Certains prennent la route du Nord dans l’optique de gagner une longueur d’avance dans leur carrière grâce à l’autonomie, aux responsabilités accrues et aux possibilités d’avancement rapide offertes pour ensuite revenir dans leur région natale et obtenir de meilleurs postes. Mais d’autres choisissent de s’y établir et d’y faire carrière.

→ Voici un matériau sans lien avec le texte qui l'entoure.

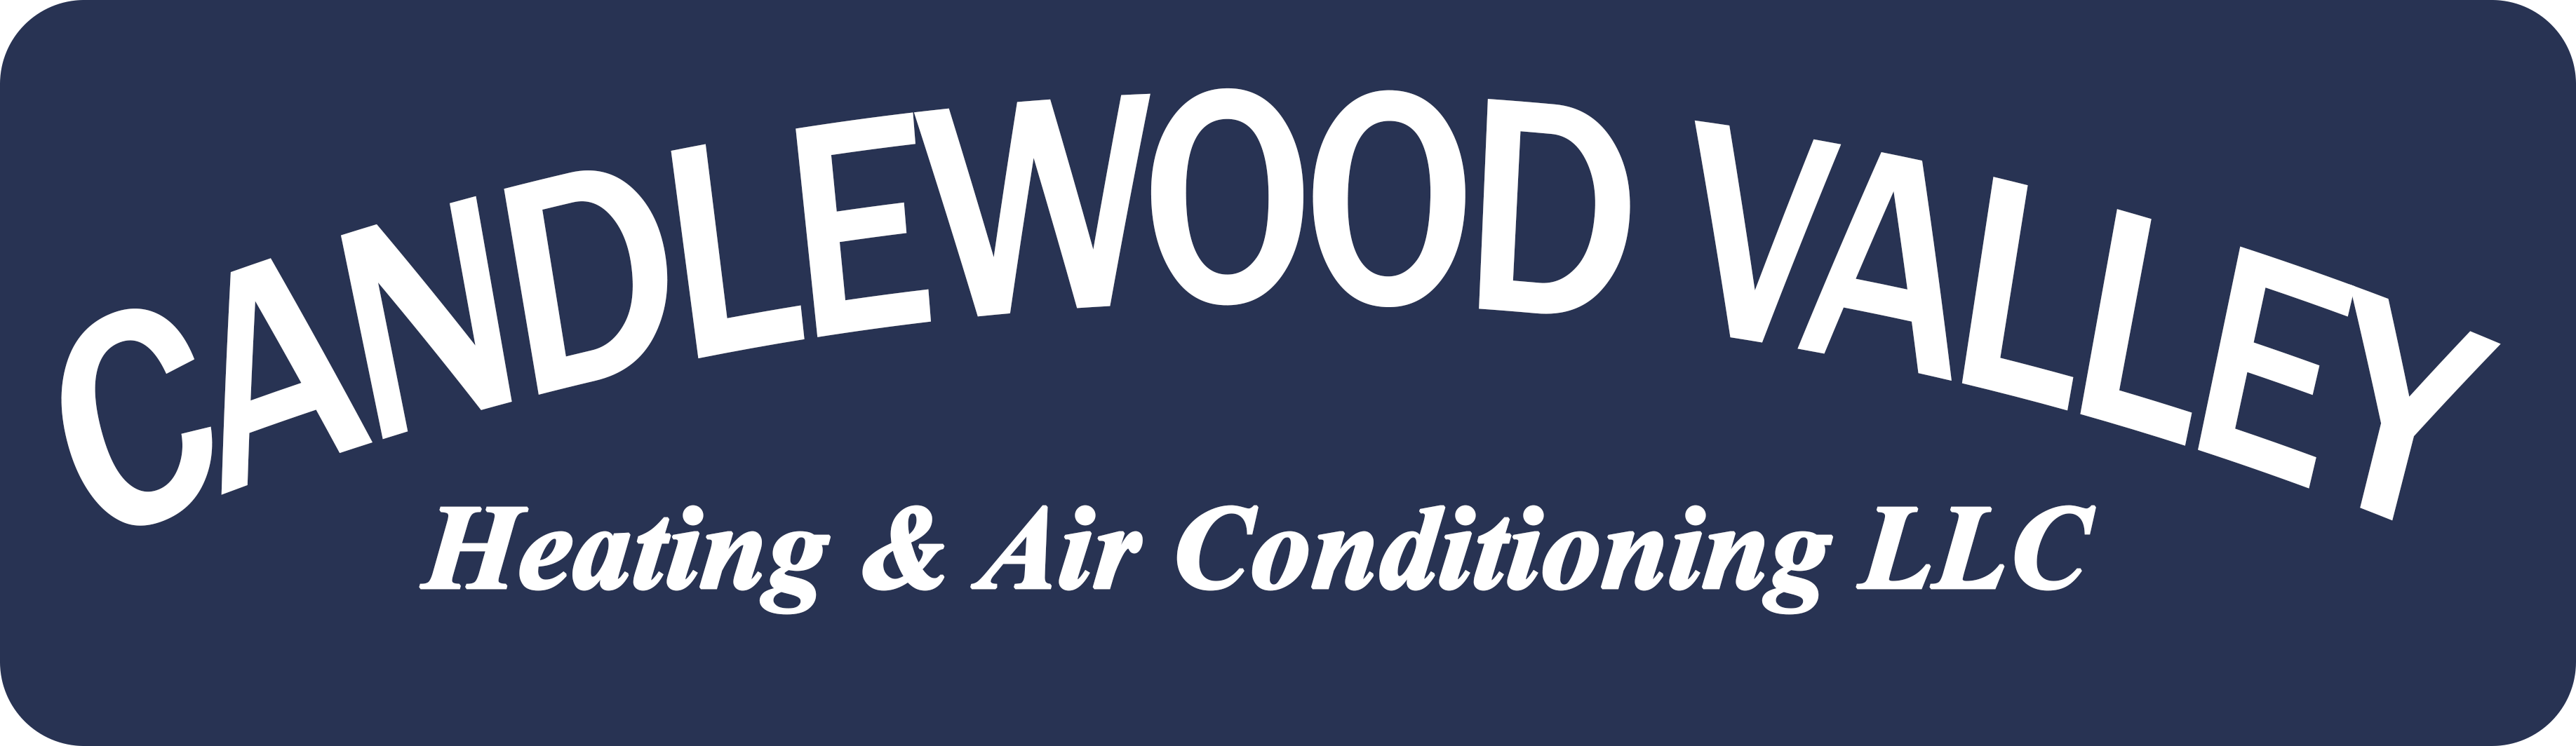 Candlewood Valley Heating & Air Conditioning, LLC

Dans tous les cas, un séjour professionnel dans une région nordique se prépare. Il faut généralement poser sa candidature tôt, mais surtout, comme le souligne Jean Picotte, il faut prendre le temps de s’informer sur la région et sur les conditions de vie et de travail, question de se faire une idée réaliste de l’expérience envisagée. Les excellentes conditions de travail et les salaires compétitifs peuvent être aveuglants, mais le froid, l’isolement et souvent même l’absence de routes terrestres, le manque de lumière en hiver et, au contraire, l’excès de lumière en été, en rebutent plus d’un. Il faut également prendre en considération l’éloignement des proches. Toutefois, Alexandre Burelle souligne l’accueil chaleureux de sa communauté d’adoption, des gens « ouverts et sociables» ; et Jean Picotte mentionne la présence d’un réseau de jeunes professionnels qui organise des activités sociales chaque semaine dans la capitale du Nunavut, ce qui permet de tisser de nouveaux liens. Pour nos trois témoins du Nord, la simplicité de la vie, la liberté qu’offrent les grands espaces et la beauté des paysages vierges, en plus des nombreuses activités de plein air, sont autant d’attraits séducteurs. Alexandre Burelle avoue que le Nord n’est « clairement pas […] pour tous », et qu’il importe donc « d’être honnête avec soi-même » et de bien peser le pour et le contre avant de se lancer dans l’expérience.